◆ Recorded data
****************

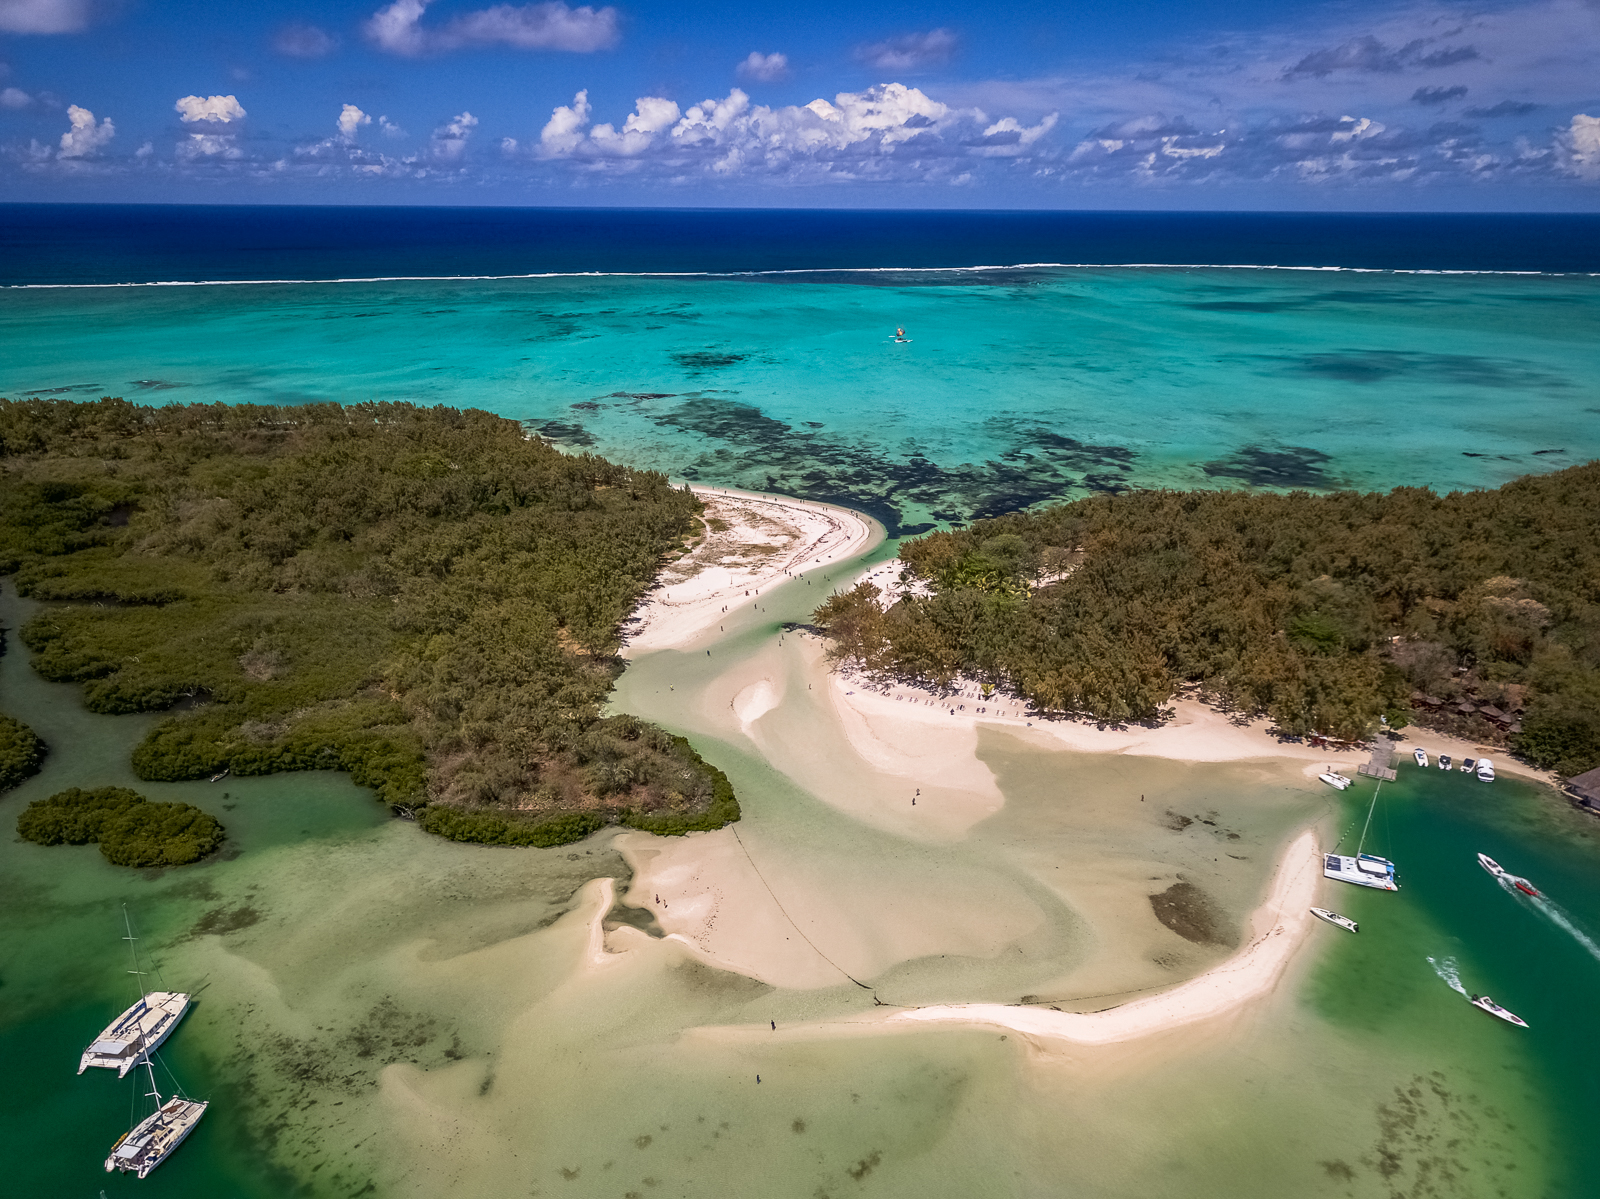 Drone shot of Ile Aux Cerfs island in Mauritius
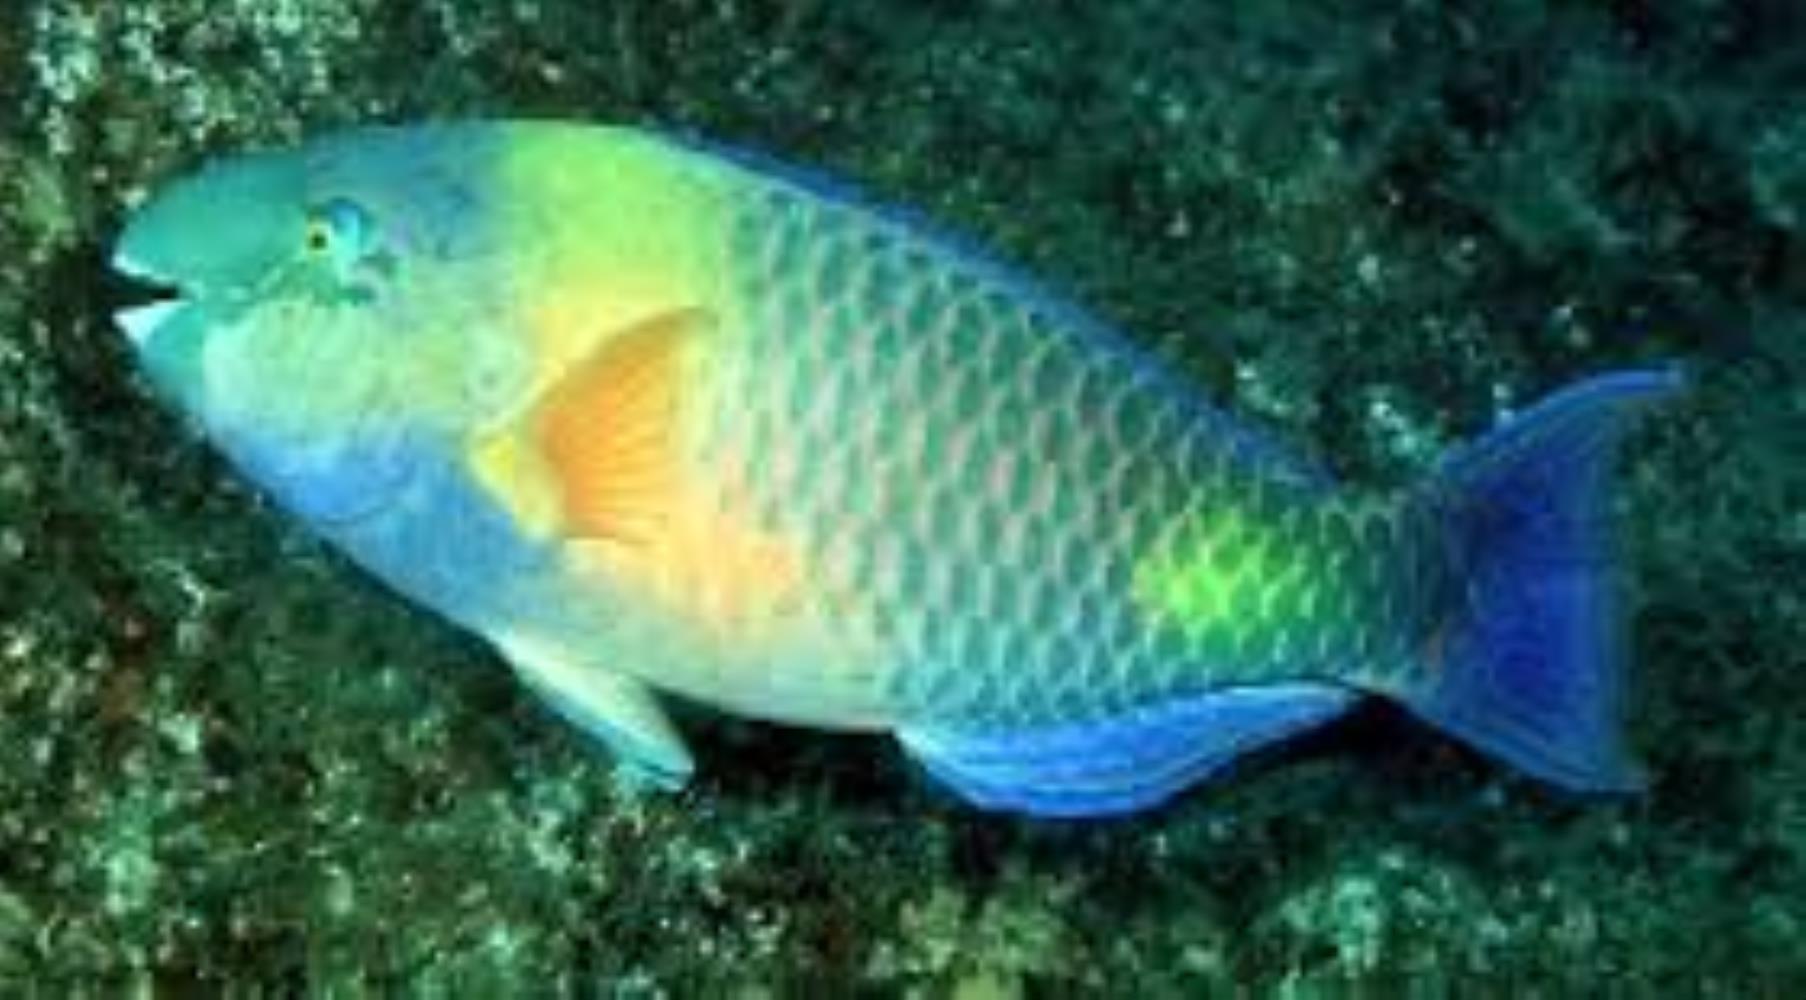 Dhofar Parrotfish
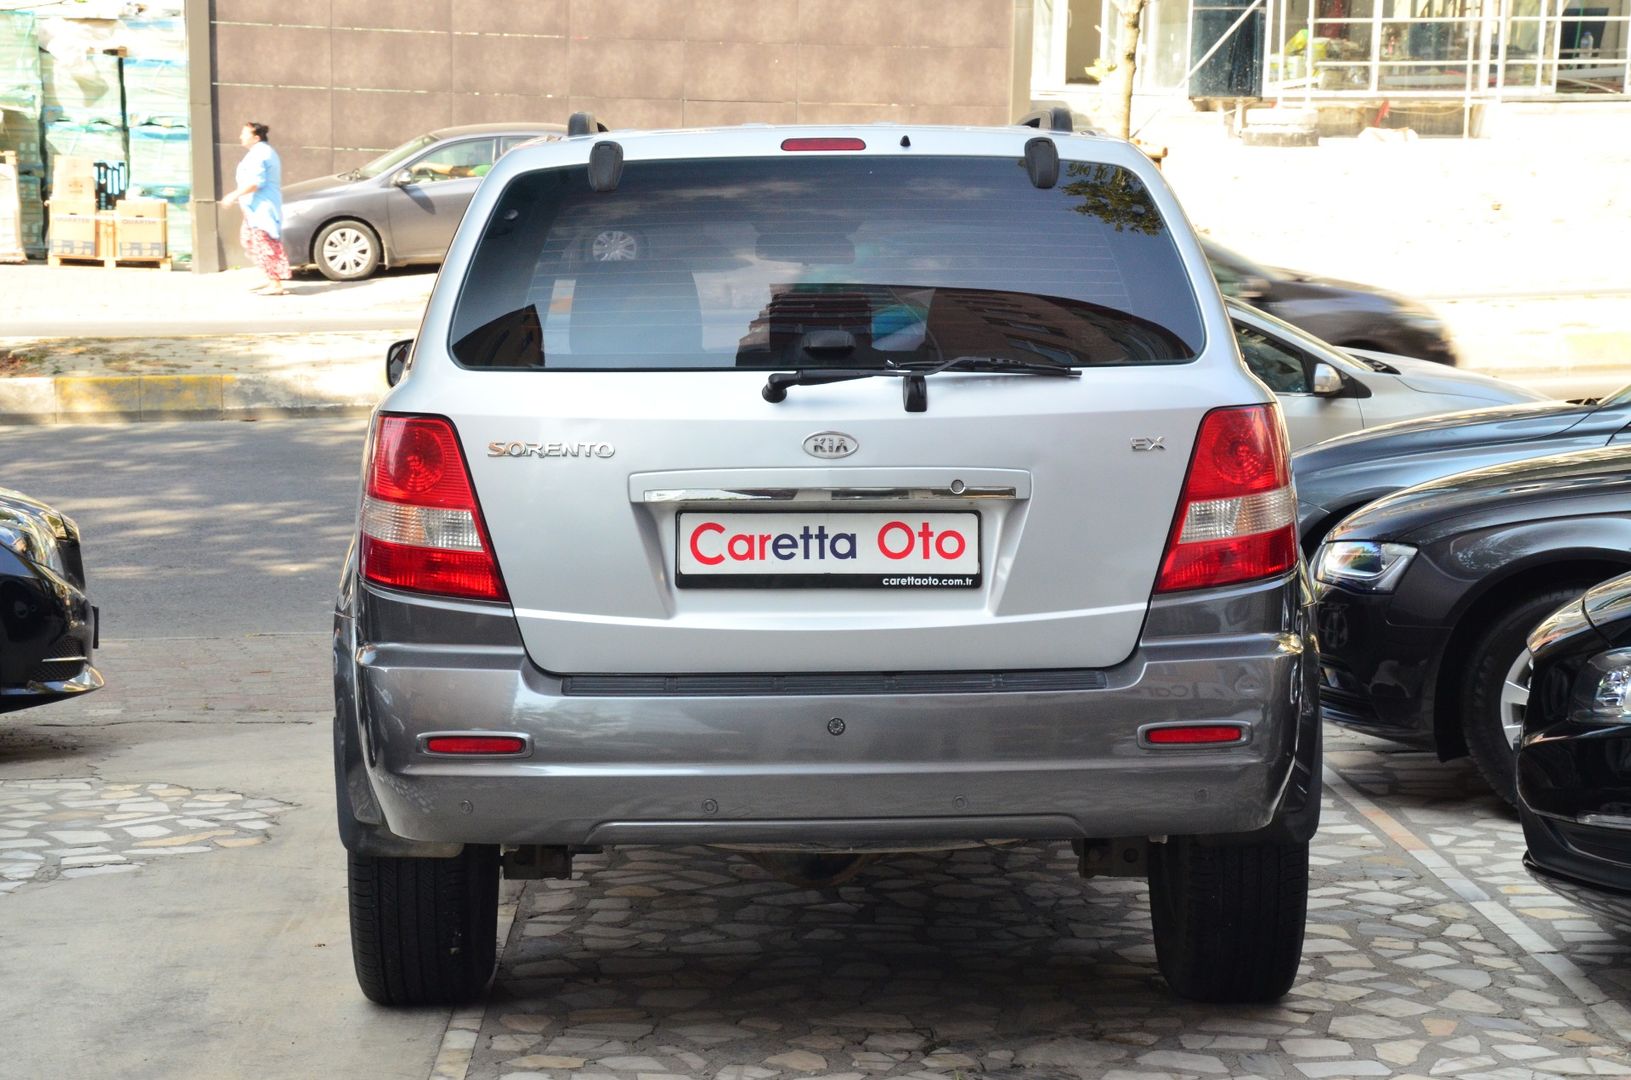 Caretta'dan, 94 Bin Km'de Eşsiz Temizlikte Sorento 2.5 CRDi-3

****************

◆ Goal of the exercise
Extract exactly the lines above from the line containing "Dhofar Parrotfish" through the last one, both ends included, but not the pictures.

◆ Output below
 Dhofar Parrotfish
 Caretta'dan, 94 Bin Km'de Eşsiz Temizlikte Sorento 2.5 CRDi-3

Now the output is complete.